What is the real use case? Is it a migration process to permanently convert from an SQL schema to a better schema?

You system might be starving on memory with that much data in a single pipeline. You could investigate doing each $lookup/$merge in completely independent pipelines of each others. You may then avoid an $unwind for collections where foreignField is _id.

Gergo_Boros · July 11, 2024, 11:36am

You are right, I introduced some typos and the original collections have different names

It is not a migration process. We have an ETL application and most of the data in the other collections are different counts by different groupings.

As far as I recall the team already tried the $lookup/$merge in completely independent pipelines and the execution took much more time.

steevej · July 11, 2024, 1:14pm

Get better hardware. More RAM, faster disk.

Have a better schema. Move what ever is stored dynamically in secondary collection into MasterCollection so that you do not have to $lookup and then $merge.

Try removing the first $project.

For collections where you $lookup with foreignField:_id, reverse the process.
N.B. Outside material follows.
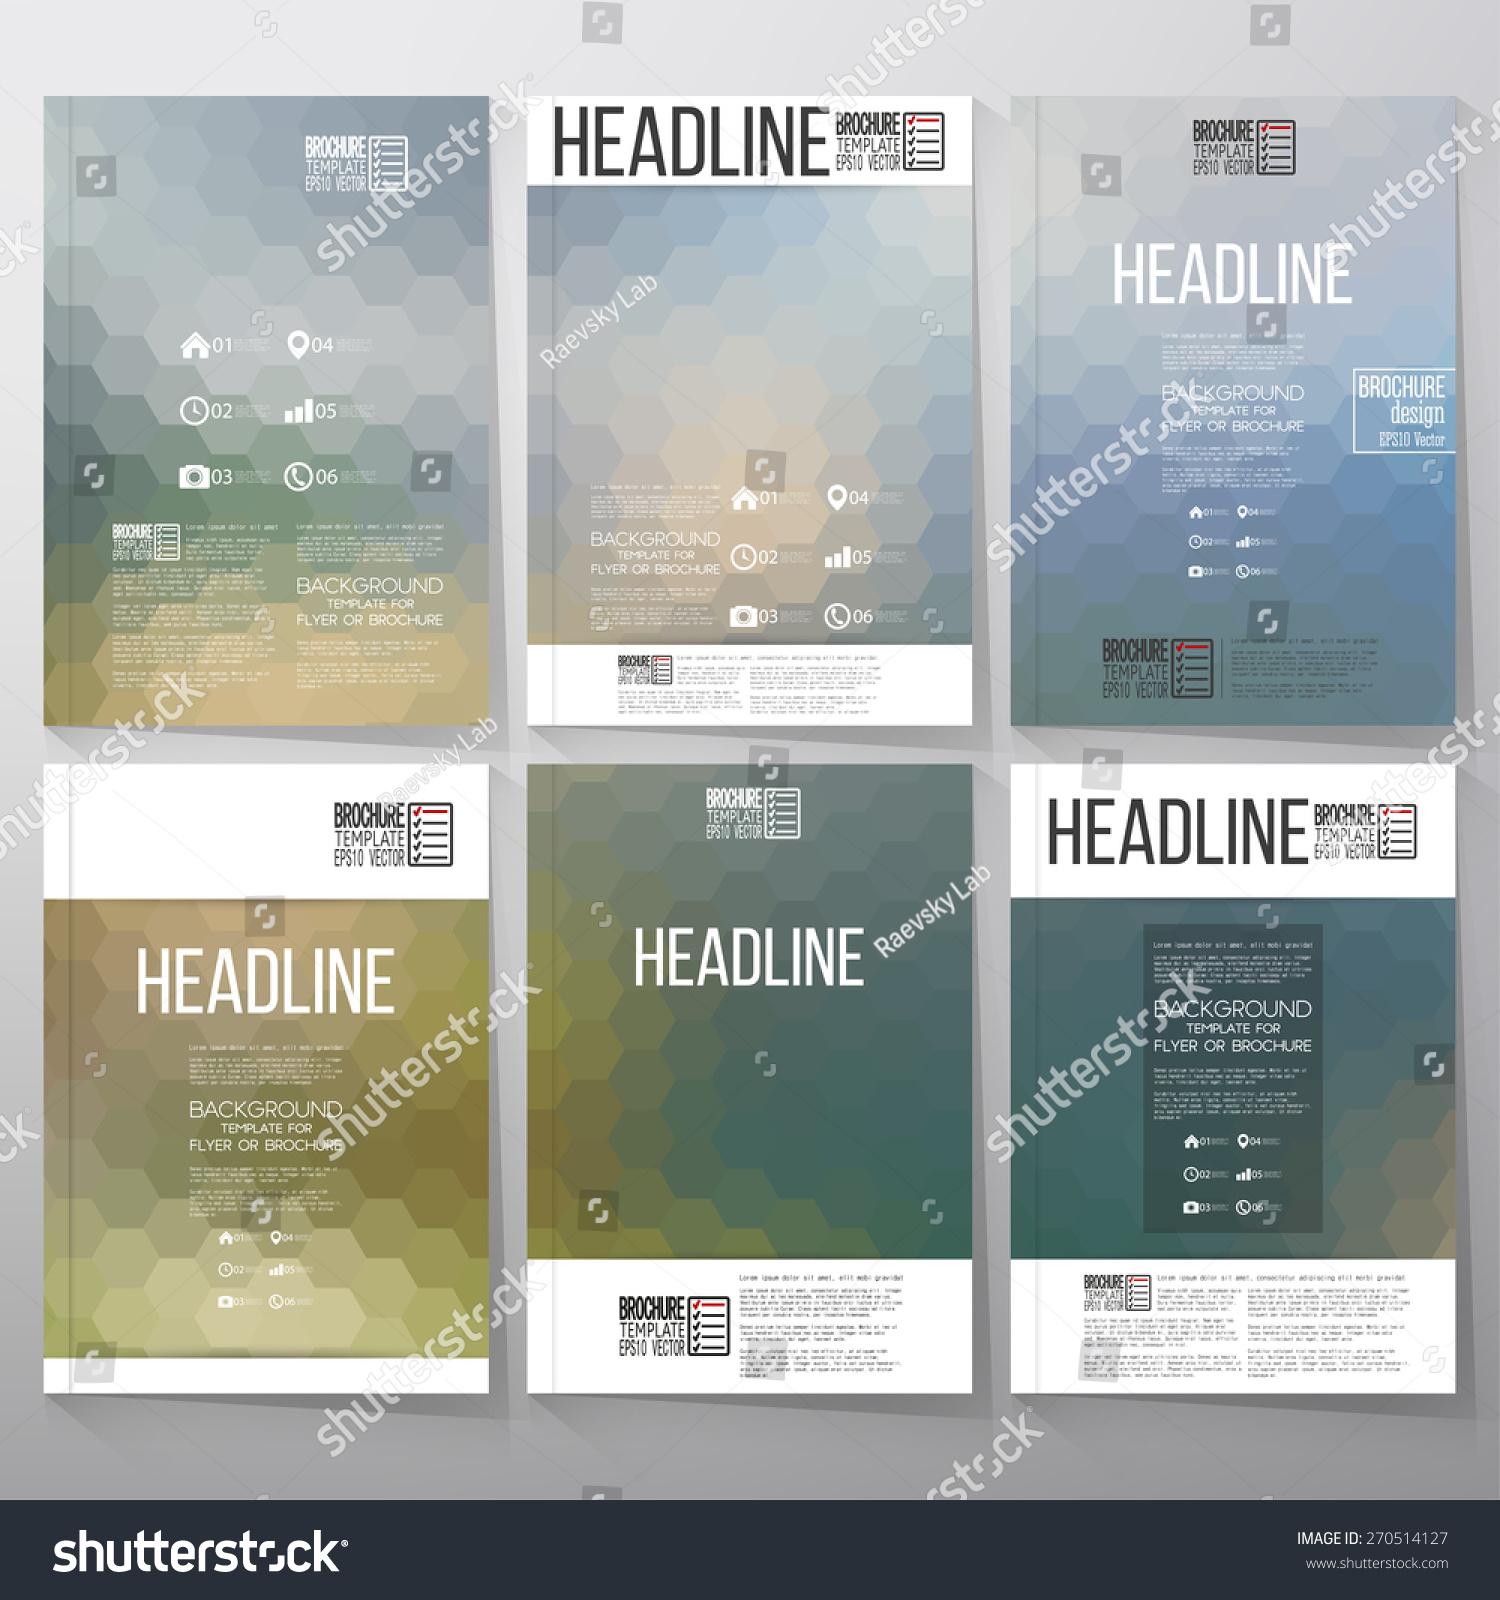 Abstract Blurred Hexagonal Backgrounds Brochure Flyer Vector de ...

Aggregate the secondary collection and then $merge like:

collection1.aggregate( [ { "$merge" : {
  "into" : "MasterCollection" , ...

You save on some $lookup and most likely you can avoid allowDiskUse for those.

Most likely you could also do the same with other collections by using:

on : [ "field1" , "field2" ]

But field1 and field2 would need to at the top level rather than within _id in secondary collections which you could do easily with a $set or $project.
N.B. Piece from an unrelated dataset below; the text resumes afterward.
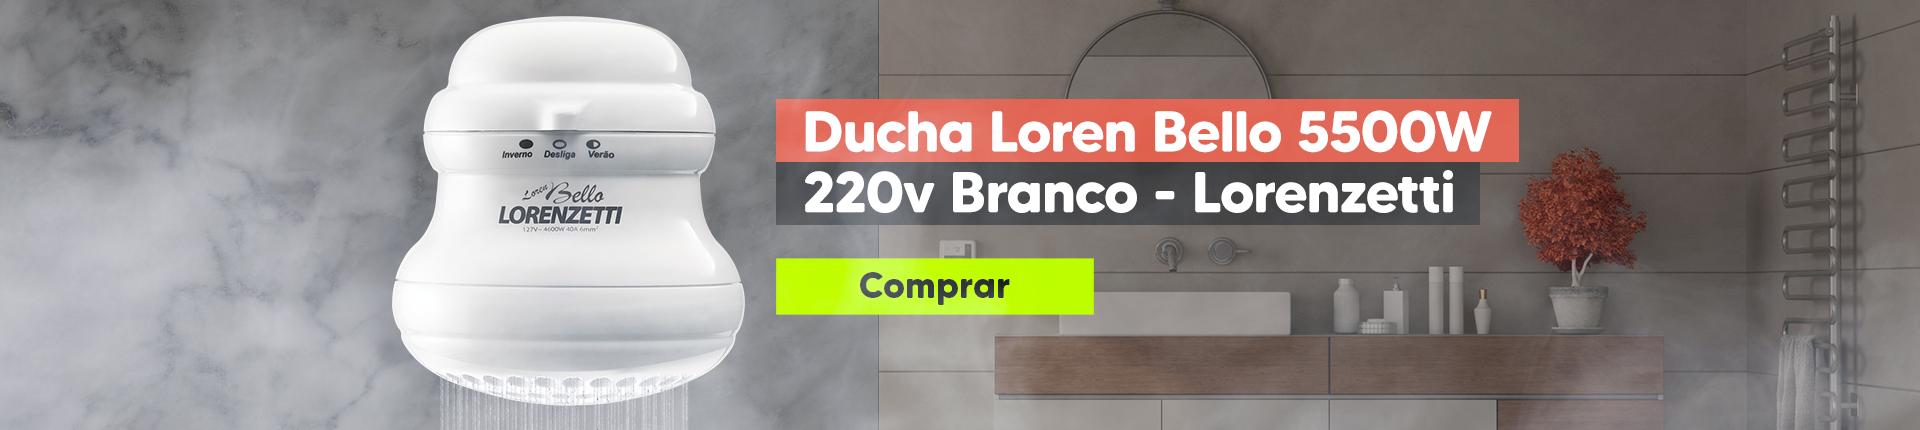 Ducha Loren Bello

I expect that starting the aggregate() on secondary to cut time in half as the number of $lookup is halved and in all cases disk would not be used.

steevej · July 16, 2024, 2:41pm

Hi @Gergo_Boros, is there any followup on this?

ad Thanks vance

Gergo_Boros · July 17, 2024, 7:13am

Hi @steevej, I managed to reduce the number of joins and updated the $match conditions so the id index can be used where I’m matching by multiple fields:

{ $eq: ['$_id.field1', '$$field1Id'] },
{ $eq: ['$_id.field2', '$$field2Id'] },

The performance improvement was 10 minutes, from ~30 mins to ~20 mins. However this is still a lot, I moved the same data to PostgreSQL, and without any major optimizations, I managed to run the same query with the same data in under 9 seconds.

Initially, this query was split into multiple queries, where we aggregated the secondary collections as you suggested. I did not implement that part, but I recall the execution time was around 2-3 hours.